I wanted to share my thoughts about something that has been a high expectation for women my age: marriage and babies. Notice that I didn’t mention love. I mean we all know from teasing couples when we were kids that love comes first, right? Wrong. At least I haven’t seen it through my eyes lately. It seems like there’s so much pressure being 22… I’m still young and people younger than me are getting married and having kids (or lately vice versa). You’re probably thinking “Why are you hating so bad?” Fact is I’m not but actually glad. You’re teaching me a few lessons because majority of the time it doesn’t end pretty or last long. So without further a dieu, I’m gonna give a few tips (or really what I would want from my relationship)on what you should expect, do or need before you say “I do”:
1. “Love isn’t just a word. It’s an action” - I’ve seen 14 year old ‘couples’ just throw this word around like dirty laundry. And then repeat the same thing, to a different person, at about the same time period of the relationship (usually within the first few days..). I mean love really is just a word but for me. NO. IT’S A ACTION. There’s nothing more lovely than a person SHOWING how much he or she truly loves some one. And I’m not saying buy a billboard ad expressing how much(because that’s creepy anyways). But I’m talking about he or she actually worries about your well being/safety. It’s like “When you hurt, I hurt.” So save the ‘I love yous’ till later on. This way you won’t wear this phrase out.
2. “You can’t just marry somebody you just met”- It’s about time disney! I cannot stress how important this could be. Who ever I marry, I want to know EVERY THING about him. And I’m not talking about late night phone calls and texting (because we really know you’re not actually “getting to know each other”). I’m talking about knowing their whole family, their faults, their accomplishments, hopes and dreams. Face to face conversations people!! GOING OUT ON ACTUAL DATES. Which brings up my next point.

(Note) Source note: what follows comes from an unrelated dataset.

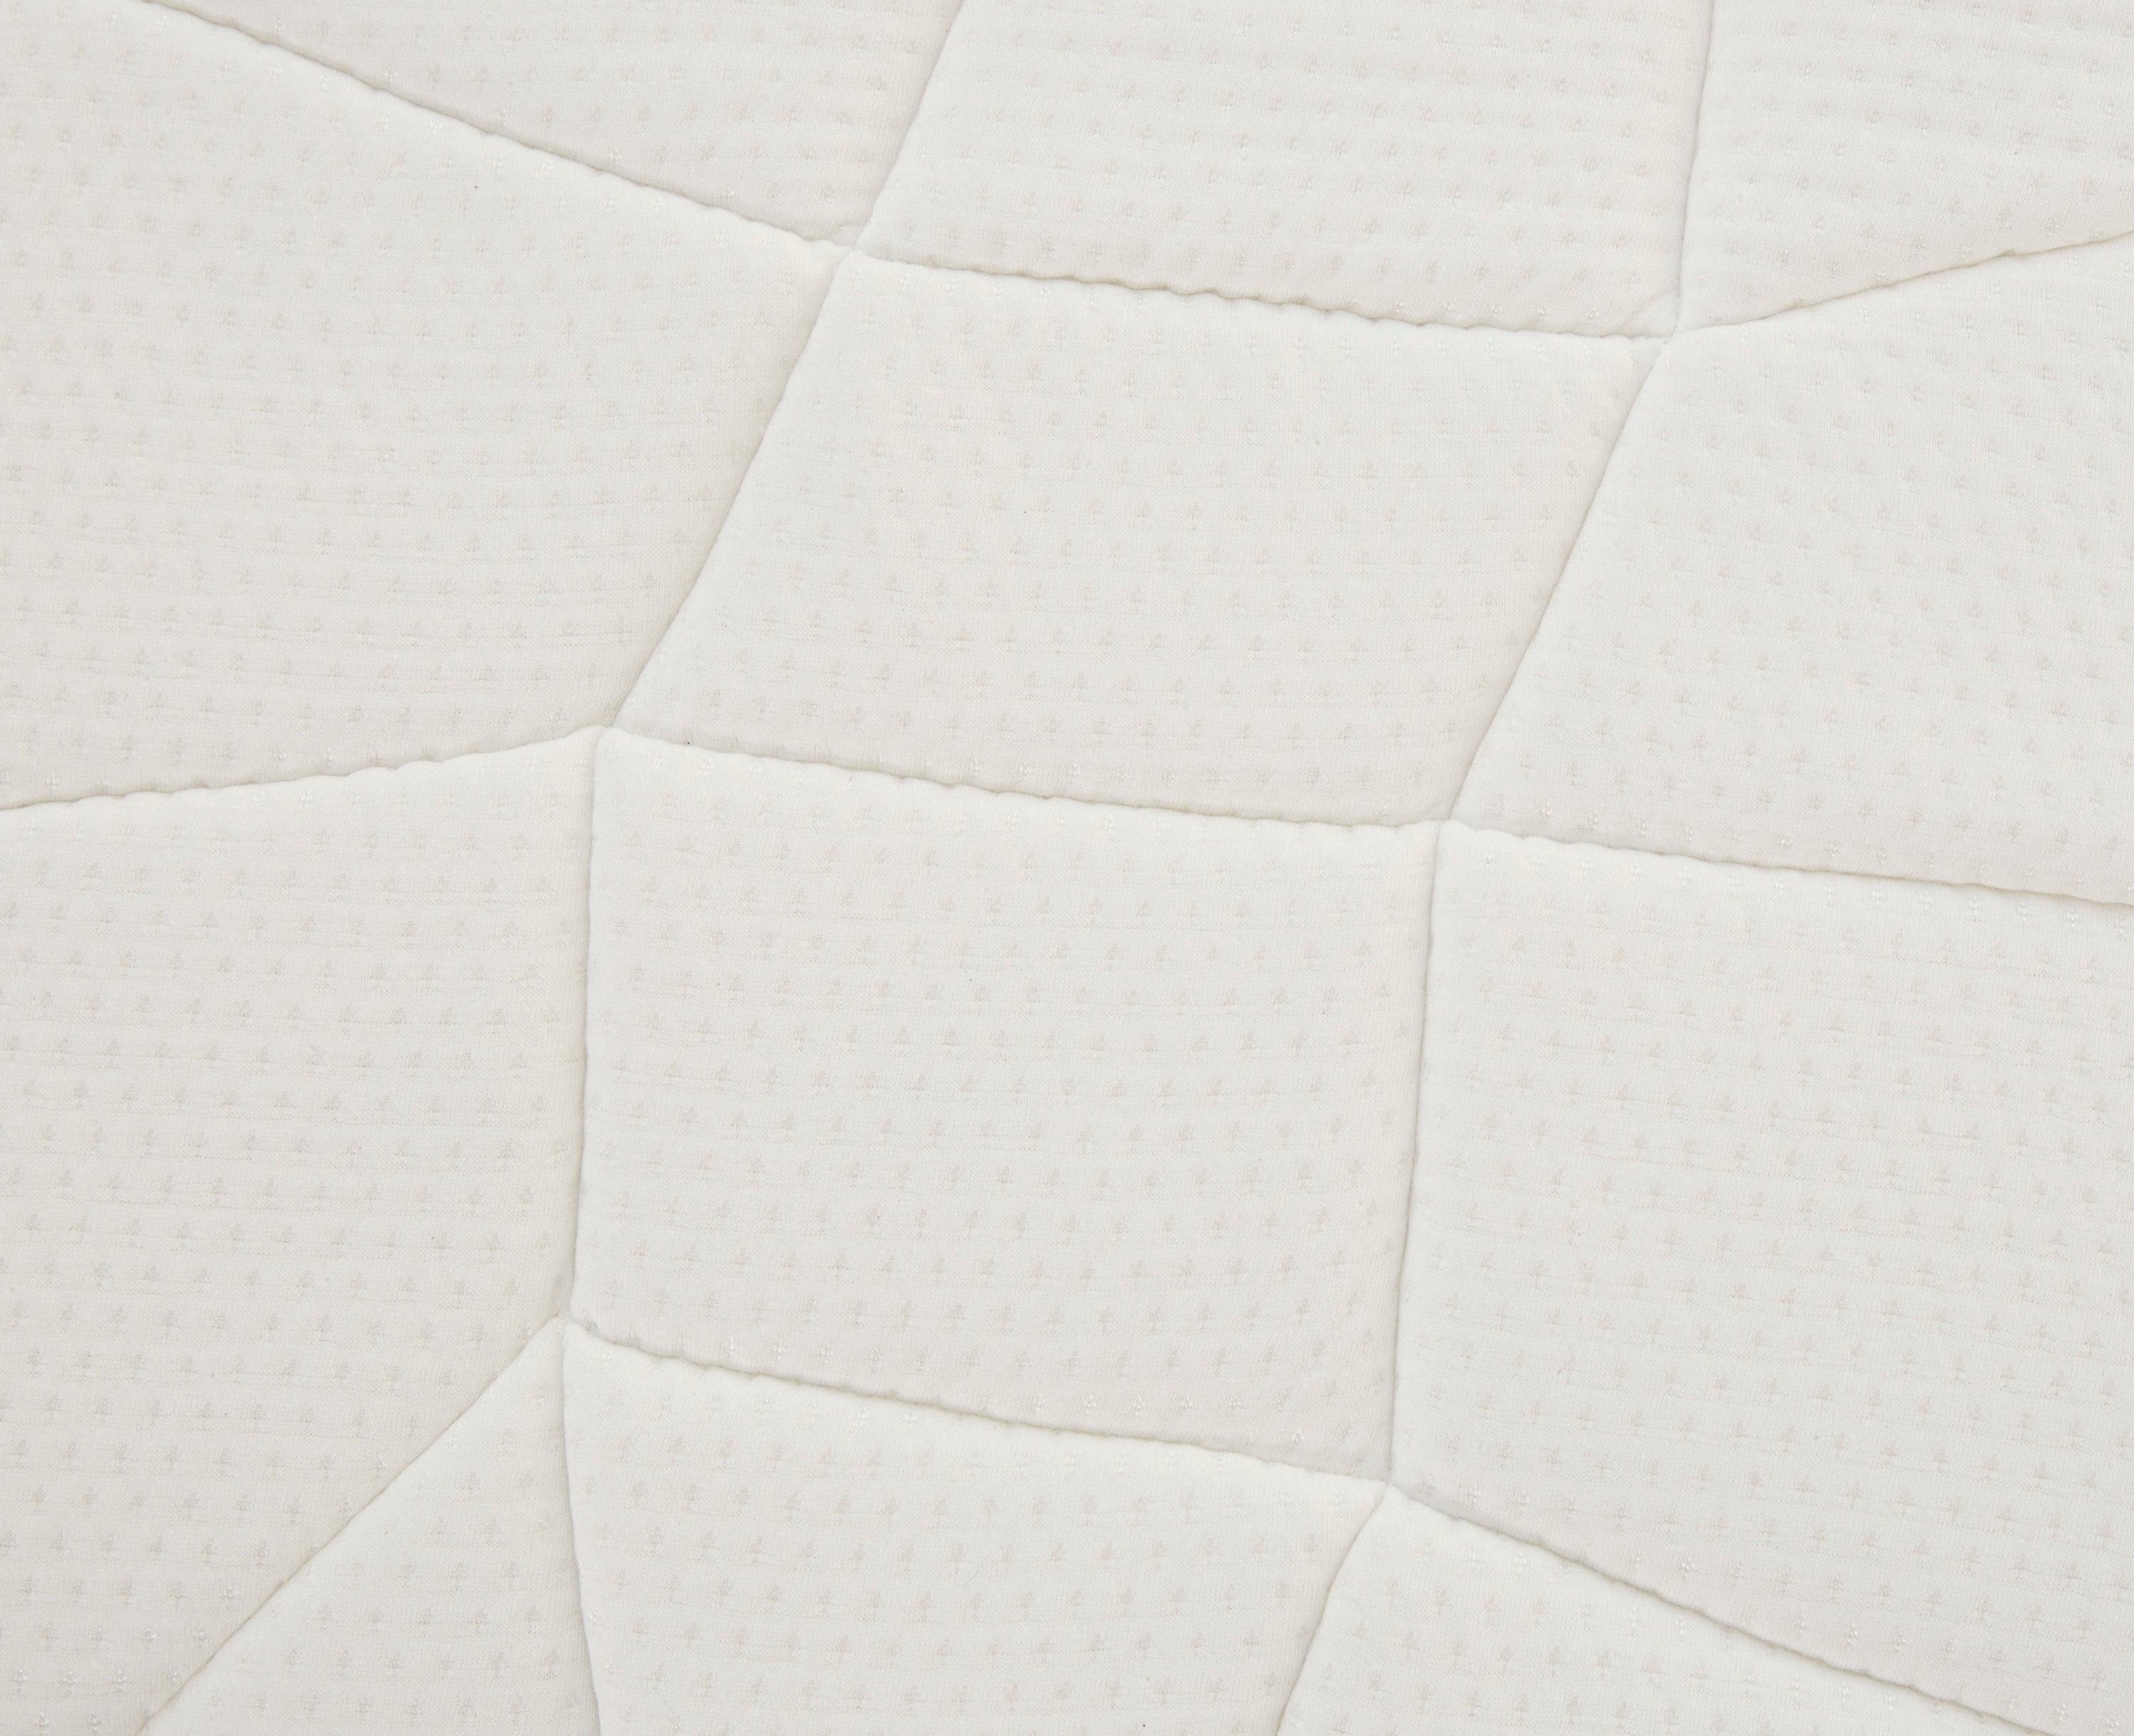 Sleepy Panda Mattress 5 Zone Pocket Spring EuroTop Medium Firm 30cm Thickness White, Grey, Blue Single Deals499

3. “Dating”- Does this even exist anymore?! Im talking about he-picked-me-up-from-my-house-opened-my-door-paid-for-my-food -and-brought-me-home-at-a-reasonable-time date. Well I’m telling you it finally happened to me a few months before I turned 21 and once again a few days after that. And you know what… it was the fondest memory I’ve ever had.
4. “Sharing each others interests will not kill you”- I mean why not?! If you plan to spend the rest of your lives together and not once go hunting with him and his buddies or whatever hobby he’s into, you’re going to get bored and miserable. Spending time together could relieve a lot of stress and create fun times. Us girls do need some girl time to chill and gossip but there comes a point of time that you just need to be by your man’s side (in my case- a deer stand).
5. “If he doesn’t respect you or love like your daddy, then he’s not the one.” - Okay I’m letting my southern don’t-mess-with-his-daughter-or-he’ll-shoot side out. But assuming you have a father figure in your life (if not could be your mom, grandpa, uncle whatever) they’ll love, protect and care for you ALWAYS. No matter how moody you get early in the mornings or whatever the stituation, he should love you for who you are.
6. “COMMUNICATION.” Holy cow! I cannot express how important this but I’ll try my best to explian. First let me start off with the ladies. We are so guilty of saying “everything is fine” or “it’s okay”. When really we ment to say “WHY CAN’T YOU DO THE DISHES FOR ONCE?” or “That really did hurt my feelings… ” Ladies when a man asks you what’s wrong just take a deep breath and simply tell him. Men can’t read minds! And men please please please just let us talk. We’re weird creatures… and just need someone to vent to.
7. “Time”- Because 5 days to a few months isn’t long enough to fall in love.8. “You can’t fix some thing that isn’t broken.” - Pretty self explanatory. I know so many people that think they can change some one once they start going steady. And I was one of them. Fact is you’re too worried about what the other person is doing/acting that it could put a lot of strain in the relationship. It never ends pretty. That’s the whole point of dating. If you’re ashamed or embarrassed from the beginning, just move on. You need to accept the person for who they are. Not for who you want them to be.
I’m probably forgetting some but I will definitely post more when it comes to mind. These pointers/tips have really helped my relationship and could probably help you too.